Retail sales declined in December more than expected, reports Cox Automotive’s Auto Market Weekly Summary for January 23.
Spending was down 1.1% in December with a drop of 0.9% month over month. November sales were revised down from an initial decline of 0.6% to a decline of 1.0%.
In the auto sector, sales were down even more, with sales of motor vehicles and parts falling 1.2% and overall market sales declining 1.1%, Cox reported. Spending at gas stations also dropped 4.6% in December, despite lower gas prices.
Entities seeing the largest declines included:
A 2.0% drop in sales overall at gas stations, furniture, home furnishing, electronics, and appliance stores A 1.1% drop in sales at motor vehicle and parts dealers
A 1.1% drop in sales at non-store (e-commerce) retailers and miscellaneous store retailers.
Of the major retail categories, only building material stores (+0.3%) and sporting goods, hobby, book, and music stores (+0.1%) saw gains.

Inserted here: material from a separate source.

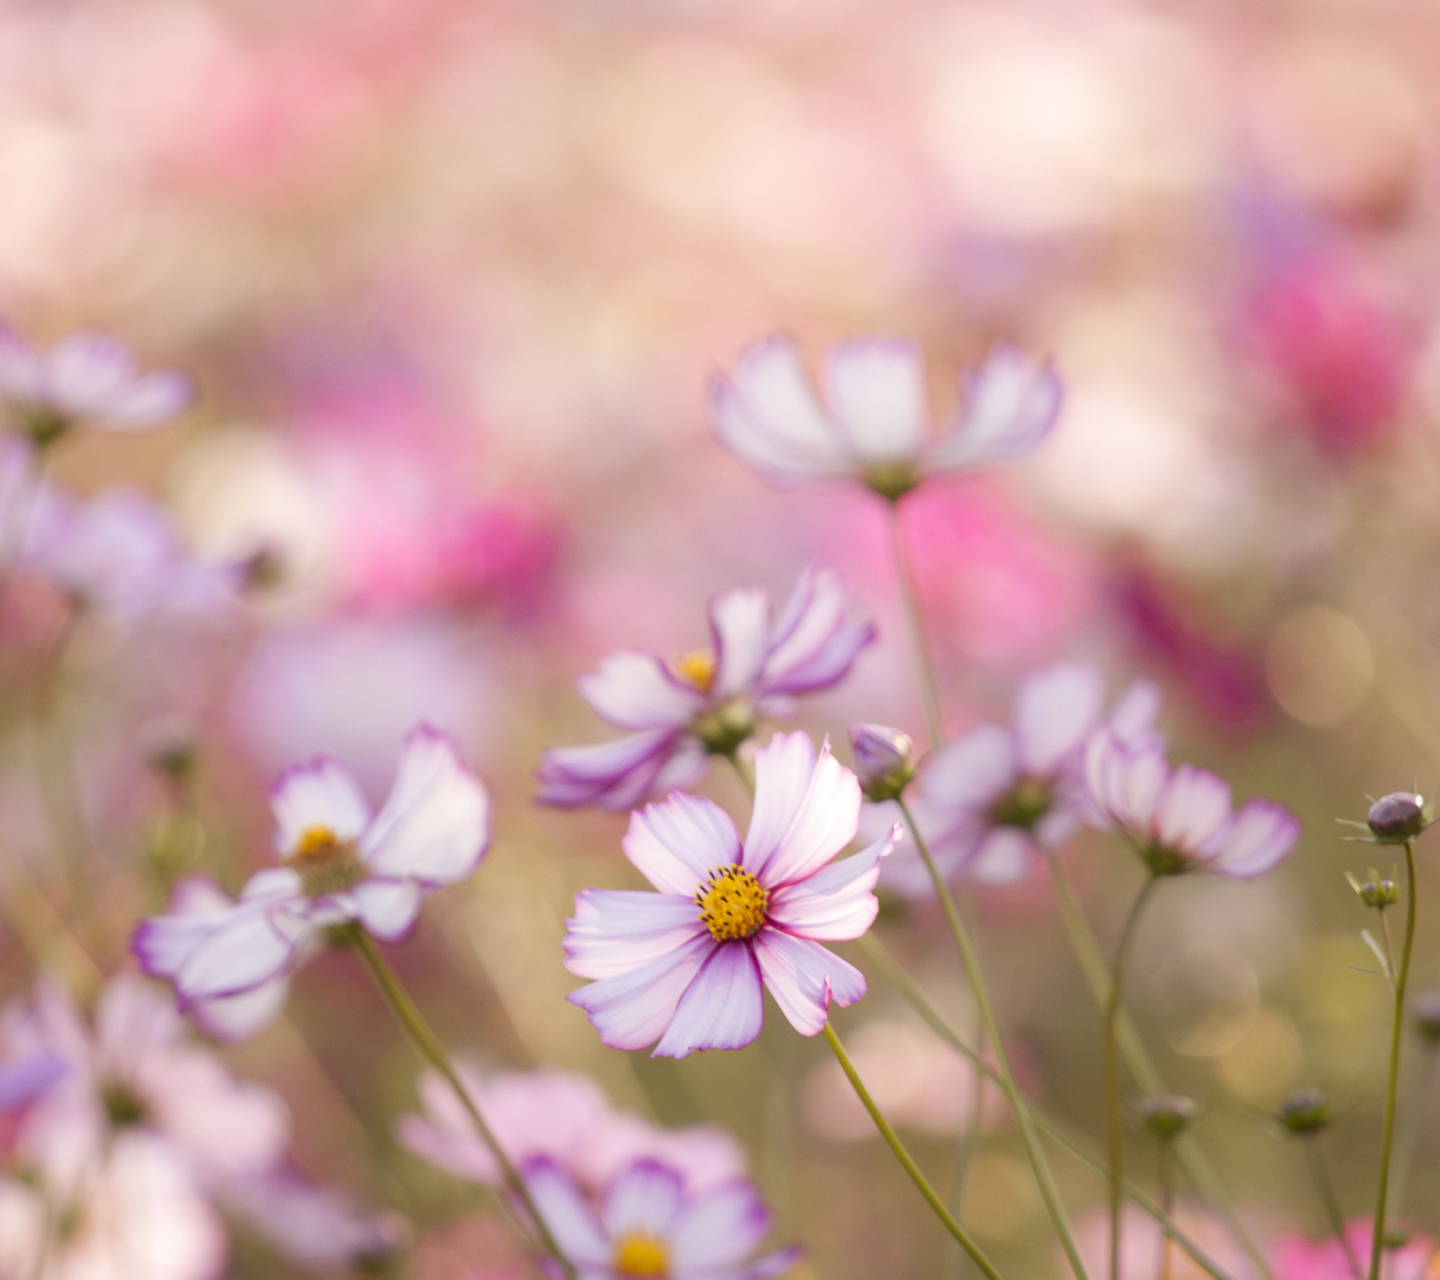 Field Of White And Pink Petals screenshot #1 1440x1280

Retail sales were up 6.0% on a nominal basis in December, the same as in November. Cox reported a 1.1% decline in retail sales for the month and a 0.4% decline from a year ago.
The retail trend shows that consumers are spending less. Retail sales do not include spending on things like travel, which was strong in December according to credit card spending data.
Residential construction decreased in December. The seasonally adjusted annualized rate of housing starts fell by 1.4%, but analysts report the decrease was less than expected. Permits dropped 1.6% when a smaller decline had been expected, Cox reports, noting the starts decrease was only in multifamily housing, which saw a 19% decline while single-family starts grew 11.3%.
Total housing starts fell 21.8% from a year ago and decreased by 10.1% compared to December 2019. The permits decline occurred in single family housing, with a 6.5% decline compared to a 5.3% increase in multifamily. Cox reported that permits were down 29.9% from 2020 and 7.6% from 2019.
Skyrocketing mortgage rates in 2022 reduced demand for single-family homes, while the spike in multifamily construction is producing new apartments as slowing economic growth starts reduces demand.
Cox reported that existing home sales fell less than expected in December but were still down for the 11th month in a row. The SAAR for existing home sales fell to 4.02 million from 4.08 million in November. Existing home sales were down 34% from 2020 and were at the slowest pace since November 2010.
Real estate inventory declined to 970,000 units, up 10.2% from a year ago. Still, the National Association of Realtors reports inventory remains limited. However, homes are selling quickly with 57% of the homes sold in December on the market for less than a month. The average time on the market was 26 days, up from 24 days in November and 19 days in December. The months’ supply of homes for sale fell to 2.9 months and the median sales price declined to $366,900, up just 2.3% from a year ago, Cox noted.
Seasonally adjusted initial jobless claims declined by 15,000 to 190,000 for the week ending January 14, which was the lowest weekly level since September, while non-seasonally adjusted initial claims declined by 54,000. Cox reported that the unadjusted numbers are higher than at the beginning of 2020.
Continuing claims by individuals who previously filed and remain on traditional unemployment compensation increased by 17,000 from the previous week, bringing the total to 1.65 million as of January 7. That level of continuing claims is 116,000 lower than before the pandemic, the Cox analysis found.
Though the labor market is not as strong as it was a year ago, Cox concluded that there is little evidence of major deterioration in jobless claims data. The report concludes that jobless claims are historically low relative to the job base.